** Directions for this task **
Wherever the listing holds a picture, leave it out, and copy the remainder exactly.

Segment Start: Stored data

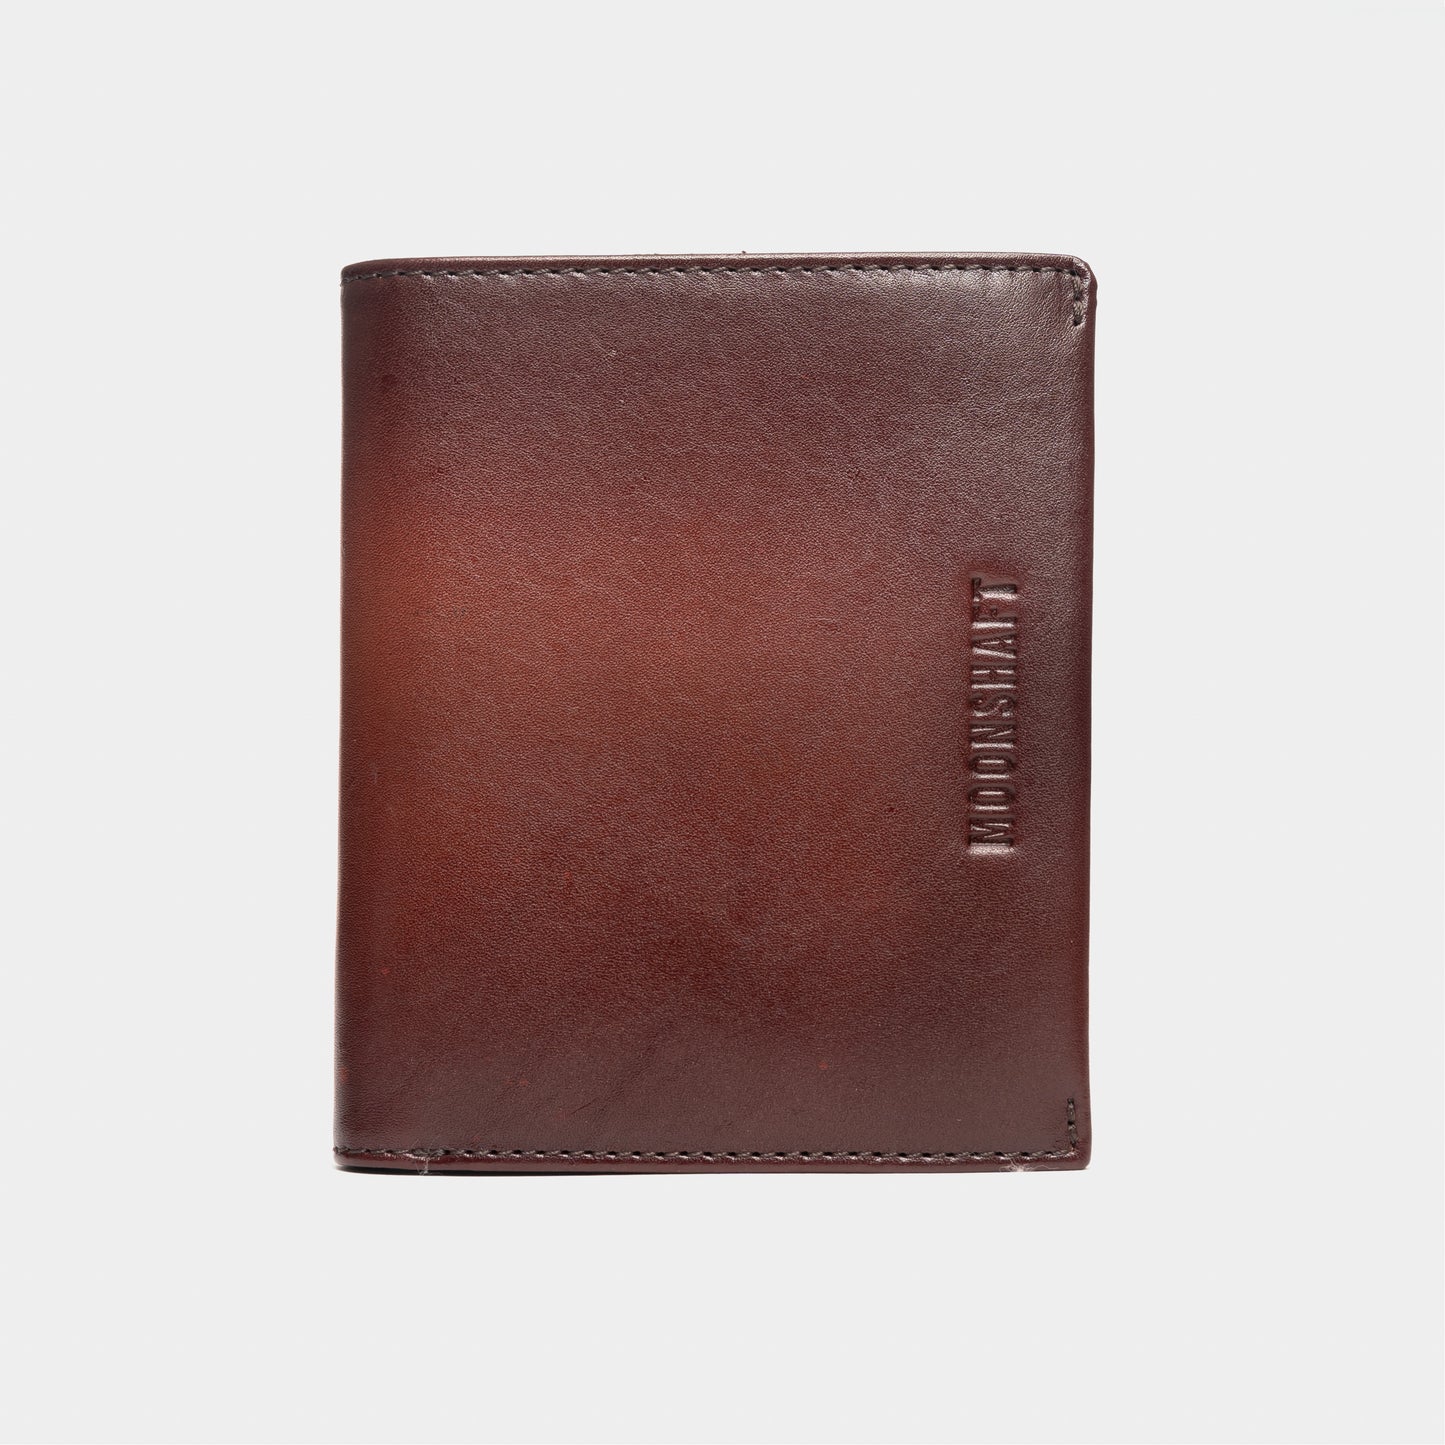 Moonshaft Compact Trifold in Maroon
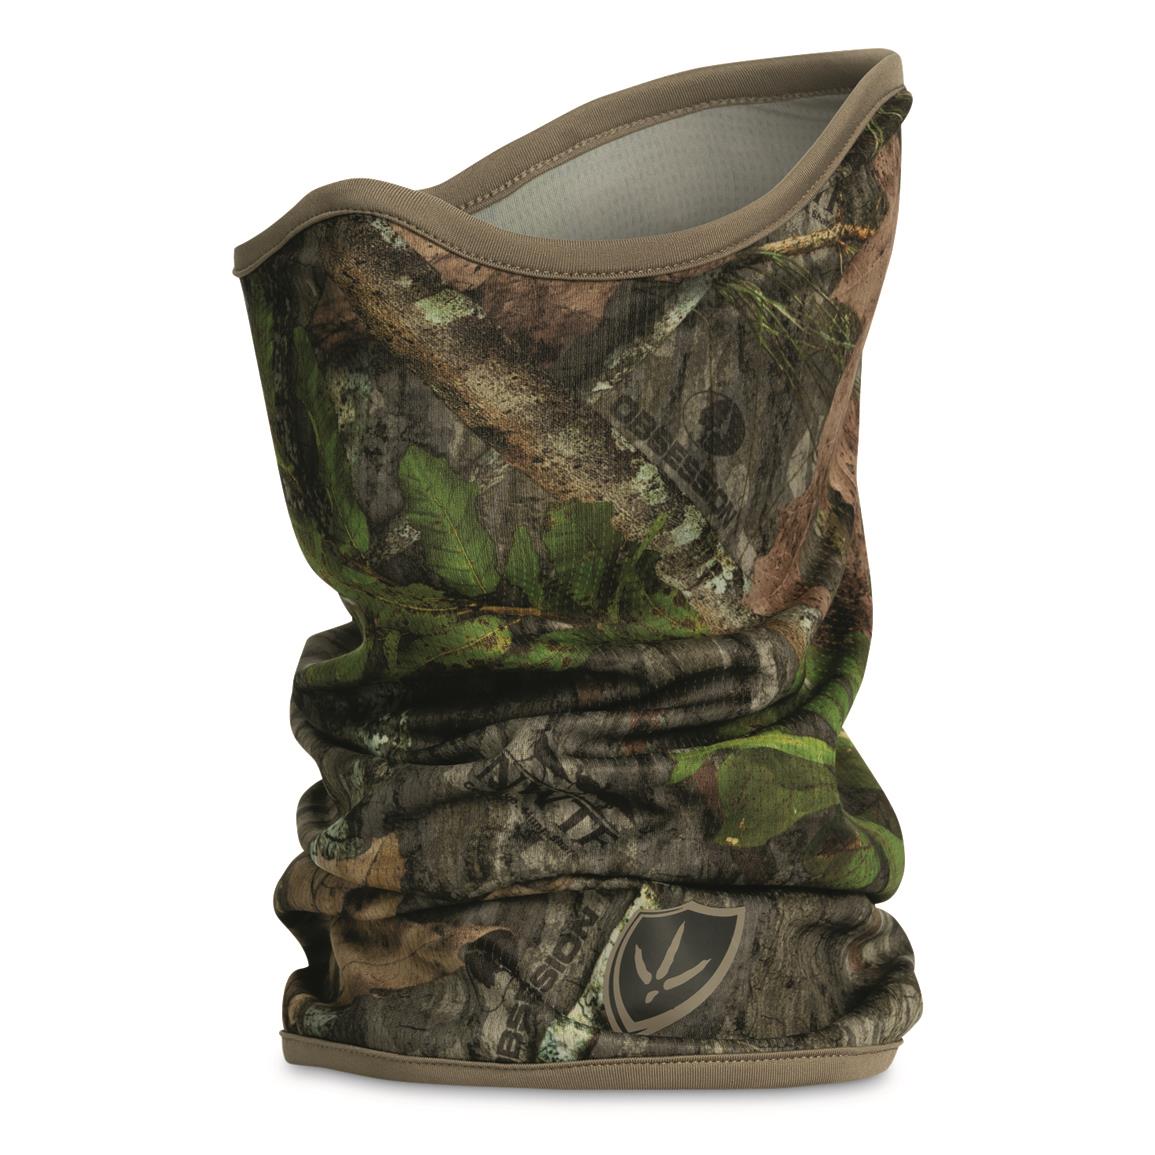 Blocker Outdoors Finisher Turkey Hunting Facemask, Mossy Oak Obsession®
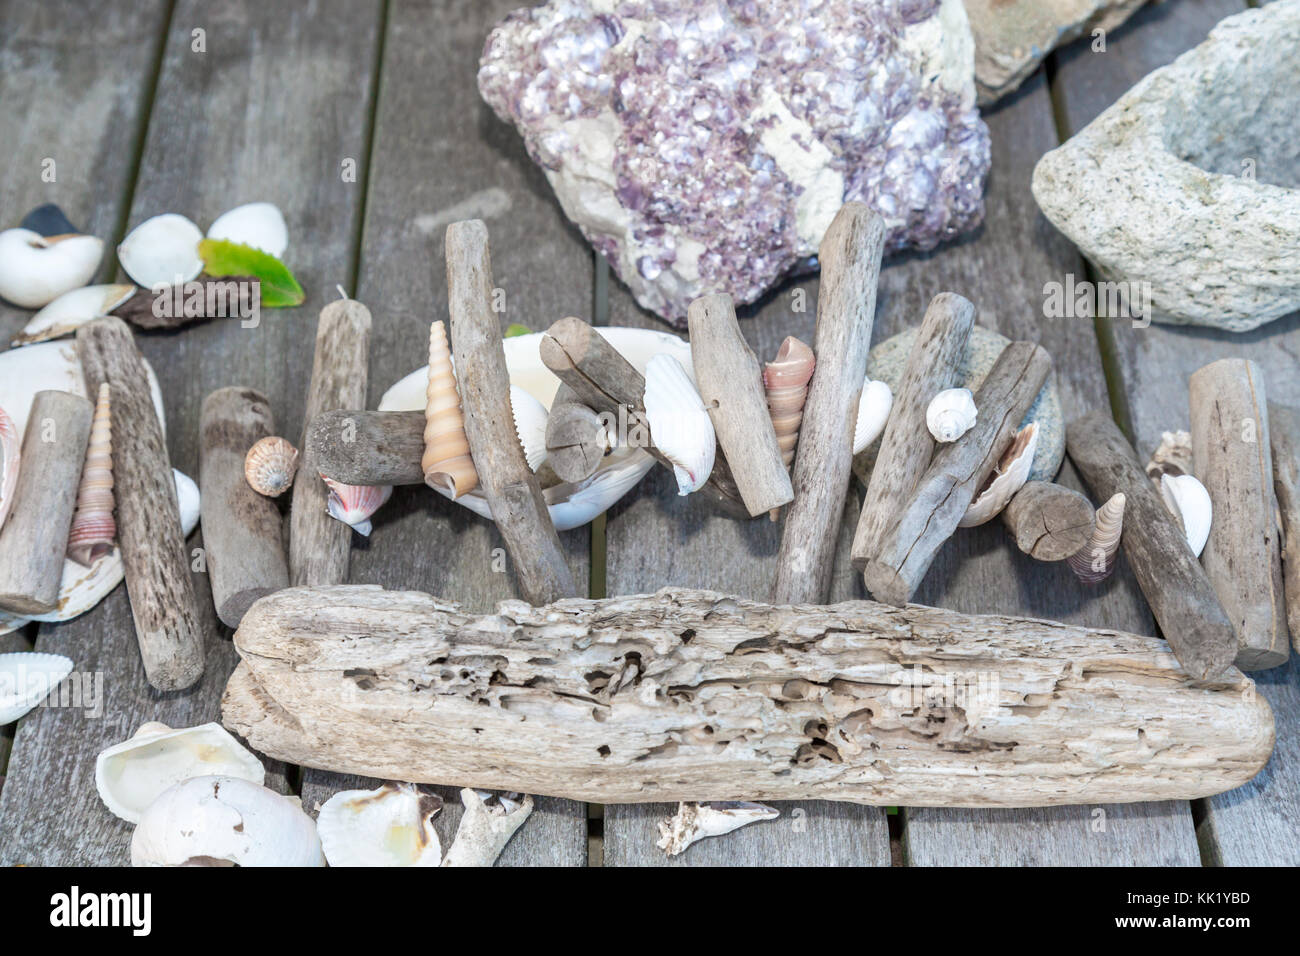 shells, wood and rocks in a simple arrangement on a table top Stock Photo

Segment End: Stored data

** Answer below **
 Moonshaft Compact Trifold in Maroon
 Blocker Outdoors Finisher Turkey Hunting Facemask, Mossy Oak Obsession®
 shells, wood and rocks in a simple arrangement on a table top Stock Photo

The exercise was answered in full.